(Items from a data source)

= = =

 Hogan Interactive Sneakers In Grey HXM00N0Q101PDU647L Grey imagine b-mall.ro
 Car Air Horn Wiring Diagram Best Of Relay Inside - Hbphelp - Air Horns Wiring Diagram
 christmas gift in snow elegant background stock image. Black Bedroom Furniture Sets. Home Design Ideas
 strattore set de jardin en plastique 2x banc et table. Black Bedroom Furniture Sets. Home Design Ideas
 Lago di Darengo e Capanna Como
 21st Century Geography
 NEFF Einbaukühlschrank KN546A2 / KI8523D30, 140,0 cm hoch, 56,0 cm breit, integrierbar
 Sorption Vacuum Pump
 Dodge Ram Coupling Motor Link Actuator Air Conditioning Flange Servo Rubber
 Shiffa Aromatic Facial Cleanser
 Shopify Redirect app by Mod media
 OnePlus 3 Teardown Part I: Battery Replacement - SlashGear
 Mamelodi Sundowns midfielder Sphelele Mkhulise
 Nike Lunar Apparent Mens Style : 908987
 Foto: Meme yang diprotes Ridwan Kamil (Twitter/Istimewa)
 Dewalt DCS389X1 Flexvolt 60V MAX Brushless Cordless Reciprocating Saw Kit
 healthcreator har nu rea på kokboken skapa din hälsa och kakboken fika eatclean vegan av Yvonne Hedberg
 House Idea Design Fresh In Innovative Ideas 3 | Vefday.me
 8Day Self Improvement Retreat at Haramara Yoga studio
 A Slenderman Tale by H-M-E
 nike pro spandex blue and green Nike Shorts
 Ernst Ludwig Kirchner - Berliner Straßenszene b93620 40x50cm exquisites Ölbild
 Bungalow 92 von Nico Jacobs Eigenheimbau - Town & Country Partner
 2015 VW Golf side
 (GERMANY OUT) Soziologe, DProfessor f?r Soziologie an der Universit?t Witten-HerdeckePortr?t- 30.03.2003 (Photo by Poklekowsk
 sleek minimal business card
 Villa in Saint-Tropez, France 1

= = =

» **WHAT YOU WILL DO**:
Your answer should be an exact transcription of the data above.

» **ANSWER BELOW**:
 Hogan Interactive Sneakers In Grey HXM00N0Q101PDU647L Grey imagine b-mall.ro
 Car Air Horn Wiring Diagram Best Of Relay Inside - Hbphelp - Air Horns Wiring Diagram
 christmas gift in snow elegant background stock image. Black Bedroom Furniture Sets. Home Design Ideas
 strattore set de jardin en plastique 2x banc et table. Black Bedroom Furniture Sets. Home Design Ideas
 Lago di Darengo e Capanna Como
 21st Century Geography
 NEFF Einbaukühlschrank KN546A2 / KI8523D30, 140,0 cm hoch, 56,0 cm breit, integrierbar
 Sorption Vacuum Pump
 Dodge Ram Coupling Motor Link Actuator Air Conditioning Flange Servo Rubber
 Shiffa Aromatic Facial Cleanser
 Shopify Redirect app by Mod media
 OnePlus 3 Teardown Part I: Battery Replacement - SlashGear
 Mamelodi Sundowns midfielder Sphelele Mkhulise
 Nike Lunar Apparent Mens Style : 908987
 Foto: Meme yang diprotes Ridwan Kamil (Twitter/Istimewa)
 Dewalt DCS389X1 Flexvolt 60V MAX Brushless Cordless Reciprocating Saw Kit
 healthcreator har nu rea på kokboken skapa din hälsa och kakboken fika eatclean vegan av Yvonne Hedberg
 House Idea Design Fresh In Innovative Ideas 3 | Vefday.me
 8Day Self Improvement Retreat at Haramara Yoga studio
 A Slenderman Tale by H-M-E
 nike pro spandex blue and green Nike Shorts
 Ernst Ludwig Kirchner - Berliner Straßenszene b93620 40x50cm exquisites Ölbild
 Bungalow 92 von Nico Jacobs Eigenheimbau - Town & Country Partner
 2015 VW Golf side
 (GERMANY OUT) Soziologe, DProfessor f?r Soziologie an der Universit?t Witten-HerdeckePortr?t- 30.03.2003 (Photo by Poklekowsk
 sleek minimal business card
 Villa in Saint-Tropez, France 1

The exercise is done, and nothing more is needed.